Oh Wow! PT didn't allow me to post replies last night??? 

Pigeons aren't dewormed until 4 months of age but since the bird is infested go ahead kiddy and deworm all your birds.
Yes give med on empty crops, thats how it works


----------



## Jass SamOplay (May 29, 2012)

Do you have garlic oil caps kiddy?


----------



## Jass SamOplay (May 29, 2012)

There are many species of tapeworms worldwide. I've seen small and long-flat ones. Some are just few cms long, others stretch to some inches long in length. But I've never seen a tapeworm like in the pic Andre posted. So I say what Charis says.

Roundworms also vary in size, color and thickness. I've seen upto 500 roundworms in a single pigeon on necropsy. The bird was eaten inside out. That was gruesome. Roundworms are most common in pigeons and nothing nails them like pyrantel pamoate does.


----------



## Jass SamOplay (May 29, 2012)

See round worms in one of my egg-sitting hen's poop.


----------



## AndreiS (Jul 28, 2013)

Jass SamOplay said:


> But I've never seen a tapeworm like in the pic Andre posted. So I say what Charis says.

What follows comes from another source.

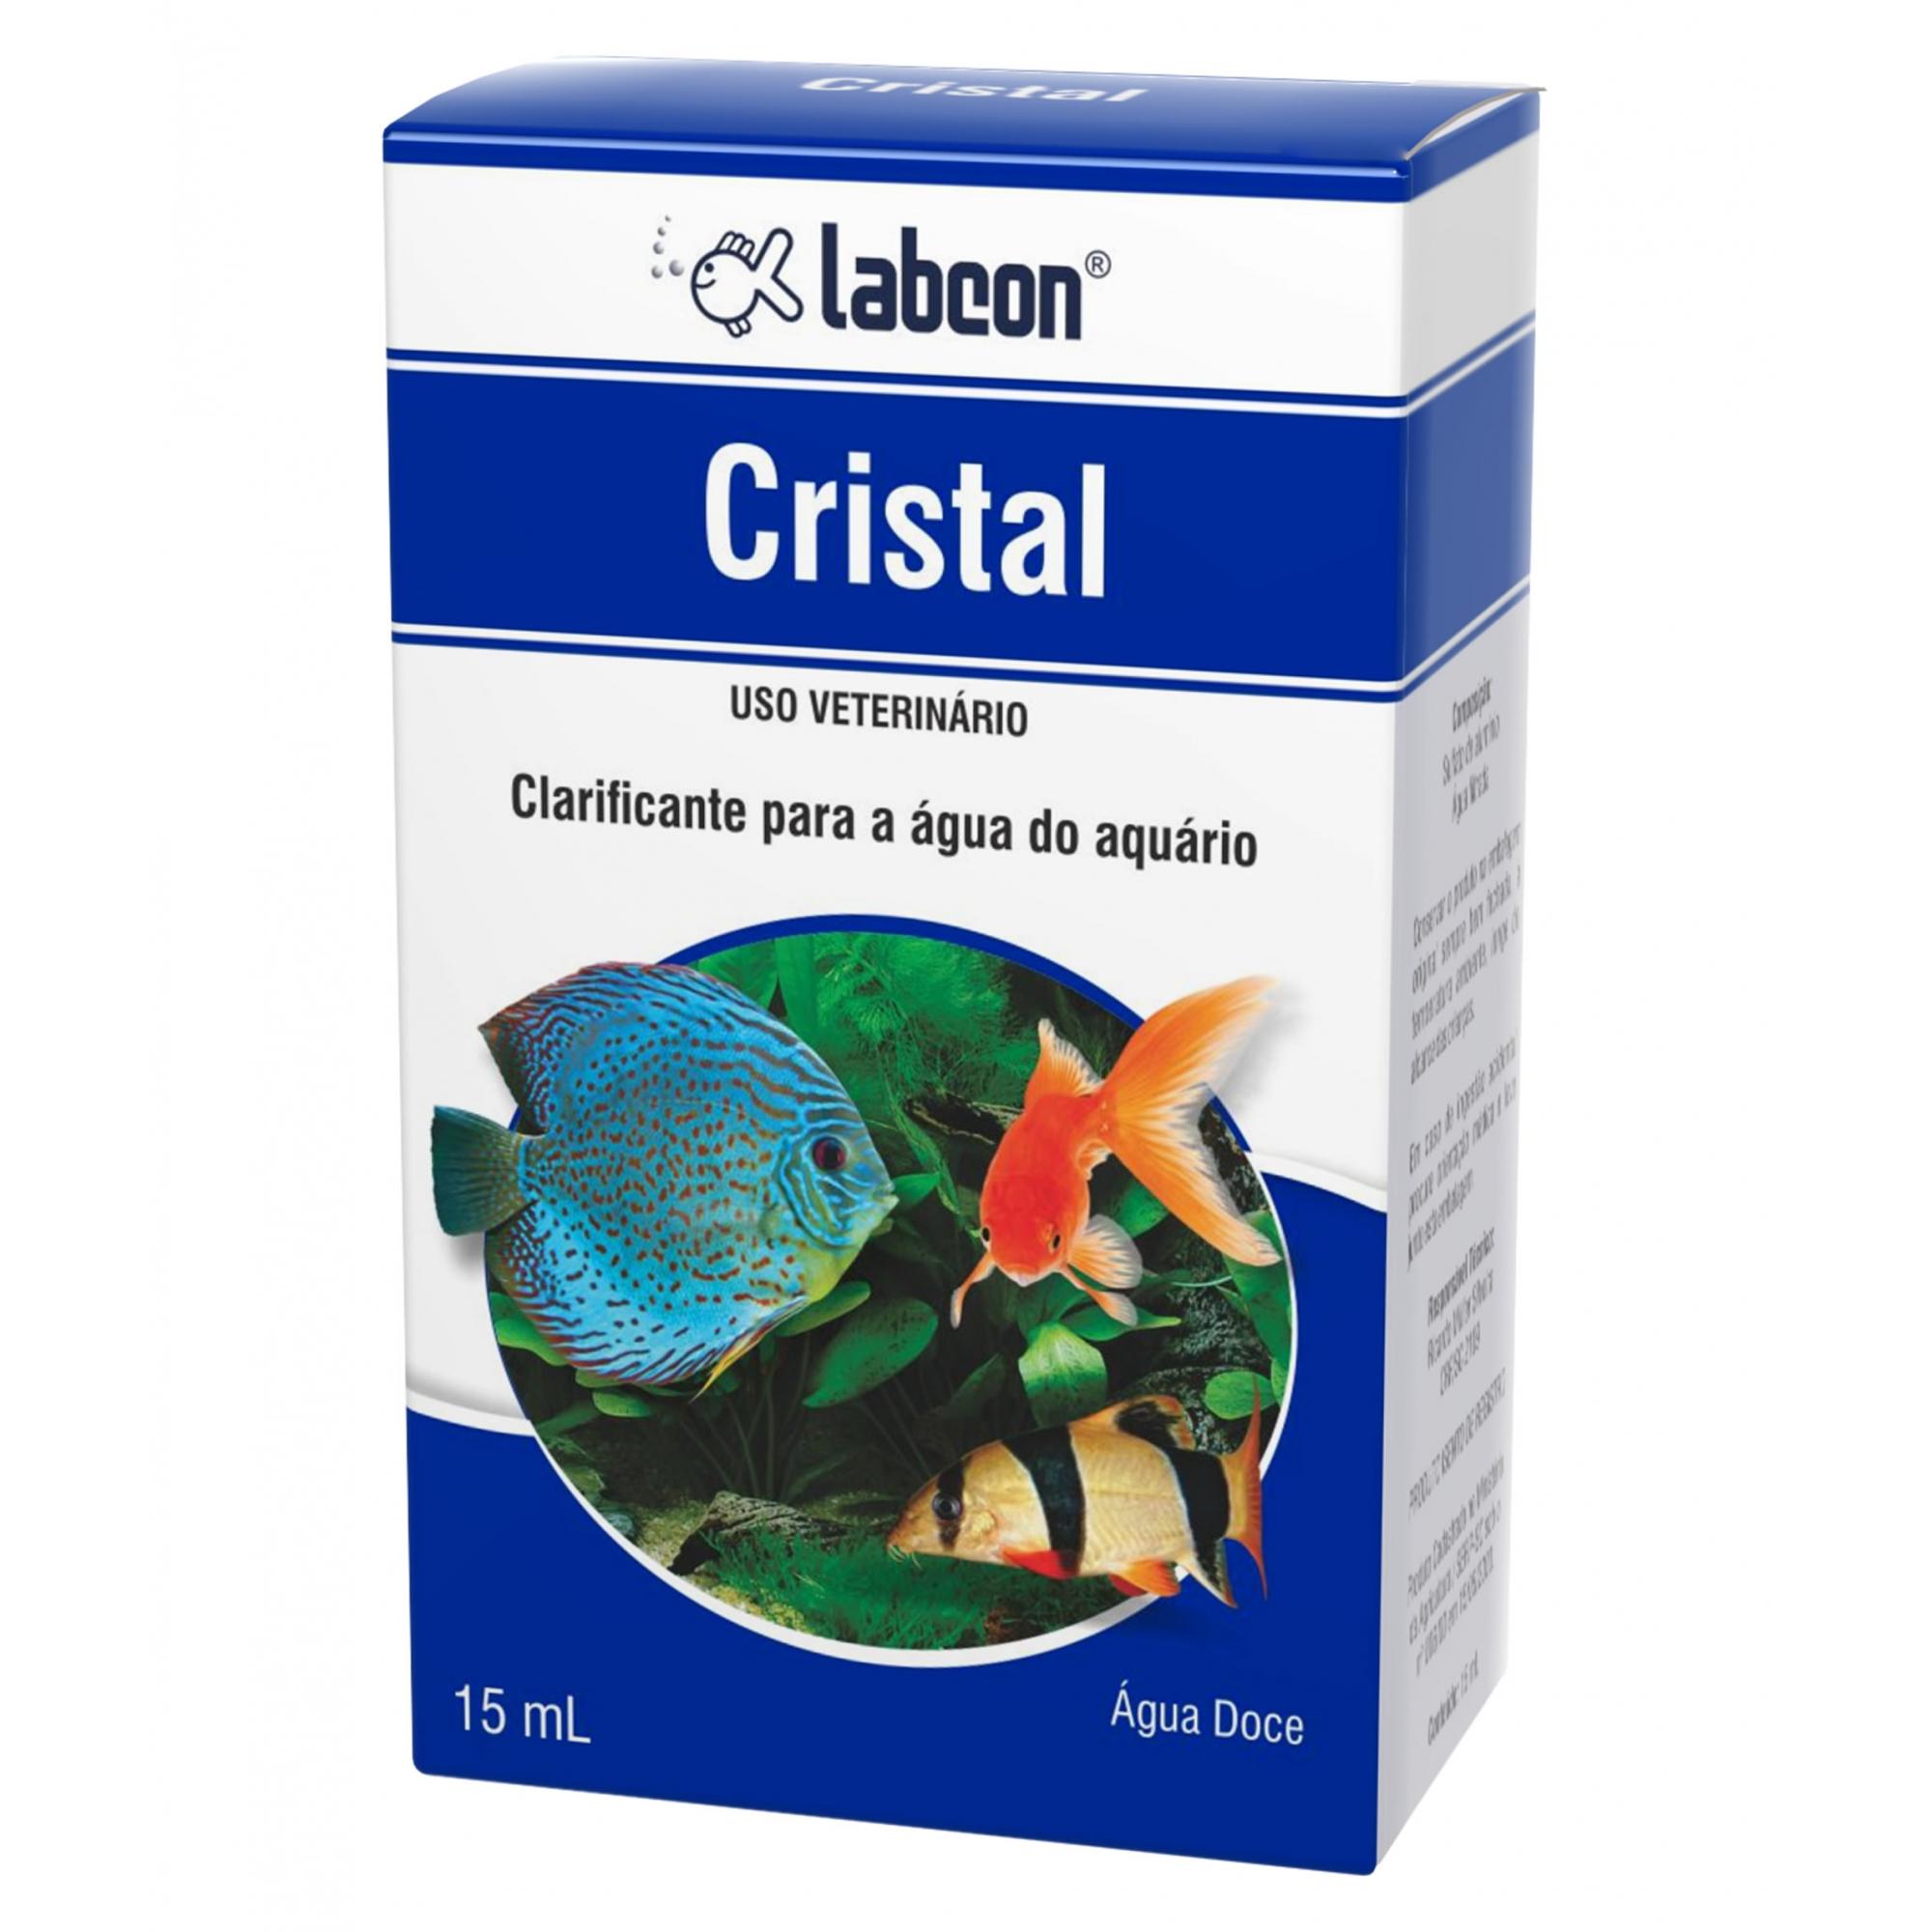 Alcon Labcon Cristal - 15ML

That was only a fragment. Later the tapeworm rebuilt itself and got stronger. It didn't respond to prazinquatel (though I'm not sure I dosed correctly, as was a tablet for dogs), neither to flubendazole. Finally, the pigeon got crop complications and died suffocated by the water from crop (most common death at the sick pigeons I cared).


----------



## kiddy (Feb 5, 2015)

Jass SamOplay said:


> Oh Wow! PT didn't allow me to post replies last night???
> 
> Pigeons aren't dewormed until 4 months of age but since the bird is infested go ahead kiddy and deworm all your birds.
> Yes give med on empty crops, thats how it works



You weren't able to post? And I was waiting for your reply and so didn't treat them today 
So if I do not treat him? He lives outside of cage and rest are in cages so in that way separated? He is weaned late and doesn't pick up much so worried about him if the drug is toxic to him in any way. Quite stressed


----------



## kiddy (Feb 5, 2015)

Jass SamOplay said:


> Do you have garlic oil caps kiddy?


No I haven't got that, I couldn't find them yet but I have asked a pet store concerned to get it for me. Should I wait for that? I am thinking to medicate them tomorrow morning, today gave feed as you suggested.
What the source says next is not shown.